La Chine sous contrôle de François Bougon
Dans cet excellent petit livre, le journaliste François Bougon (qui a été longtemps correspondant de l’Afp à Pékin avant de rejoindre Le Monde), développe la thèse selon laquelle la répression sanglante du mouvement de Tiananmen en 1989 n’était pas le prodrome d’une chute inéluctable du régime, mais au contraire la « préfiguration » de la Chine d’aujourd’hui.
Son récit commence sur la place Tiananmen, « centre sacré » du pouvoir dont l’histoire est retracée à travers différents moments, des manifestations de 1919 aux défilés de Gardes rouges de 1966, puis des manifestations du 5 avril 1976, commémorant Zhou Enlai et critiquant Mao, « prélude » selon l’auteur à la tragédie de 1989. Comme en 1976, les événements de 1989 commencent par une mort, celle de Hu Yaobang, qui exacerbe les tensions entre réformateurs et conservateurs au sein du Parti. Alors que les étudiants rattachent leur mouvement à la mémoire du 4 mai 1919, le Parti cherche à les assimiler aux Gardes rouges de 1966. Pour éclairer les décisions menant à la répression, l’auteur reprend en grande partie le récit des Archives de Tiananmen et des mémoires de Zhao Ziyang, tout en citant également un entretien de Bao Tong, ancien conseiller de Zhao, qui estime que Deng était surtout mû par son intérêt personnel.
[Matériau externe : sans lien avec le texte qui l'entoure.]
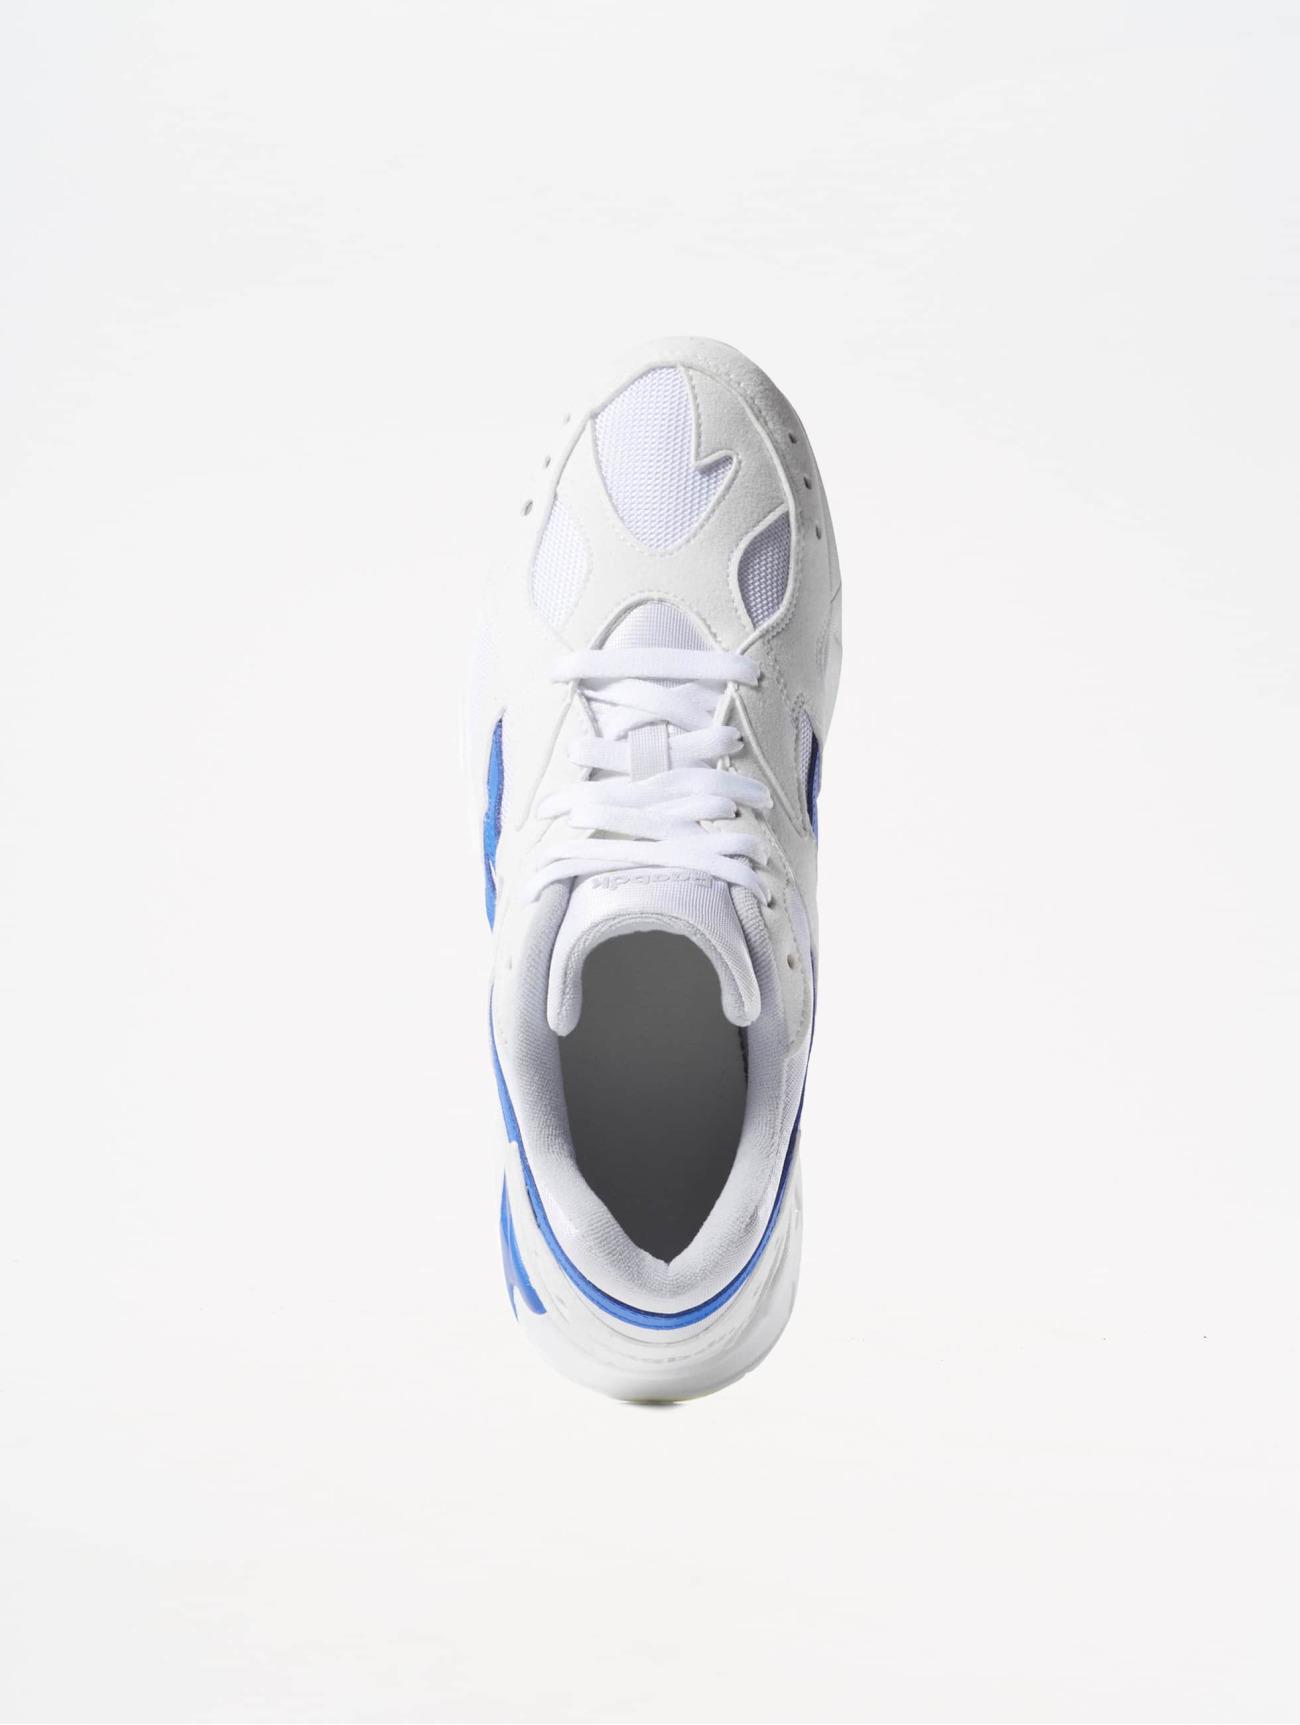 Reebok Aztrek blanc Baskets 598449 Homme Chaussures

Le livre développe une analogie intéressante avec la répression de la Commune de Paris, référence bien connue de tous les étudiants chinois, en tant que mise en scène d’une violence d’État, suivie par un blocage complet de l’information, sur lequel se construit un nouvel ordre politique : « Du massacre est né un régime plus robuste, plus efficace et plus cohérent que jamais. Un voile s’est posé sur les aspirations libérales de la société. » Contrairement à ce qu’ont pensé les dirigeants occidentaux, le régime a su retrouver une légitimité, y compris sur le plan idéologique : l’auteur souligne ici le rôle de Wang Huning, ancien universitaire parvenu au sommet du pouvoir avec Xi Jinping[1]. Cette réussite permet au régime de jouer désormais un rôle offensif jusqu’aux portes de l’Europe, profitant, estime l’auteur, des faiblesses idéologiques des démocraties.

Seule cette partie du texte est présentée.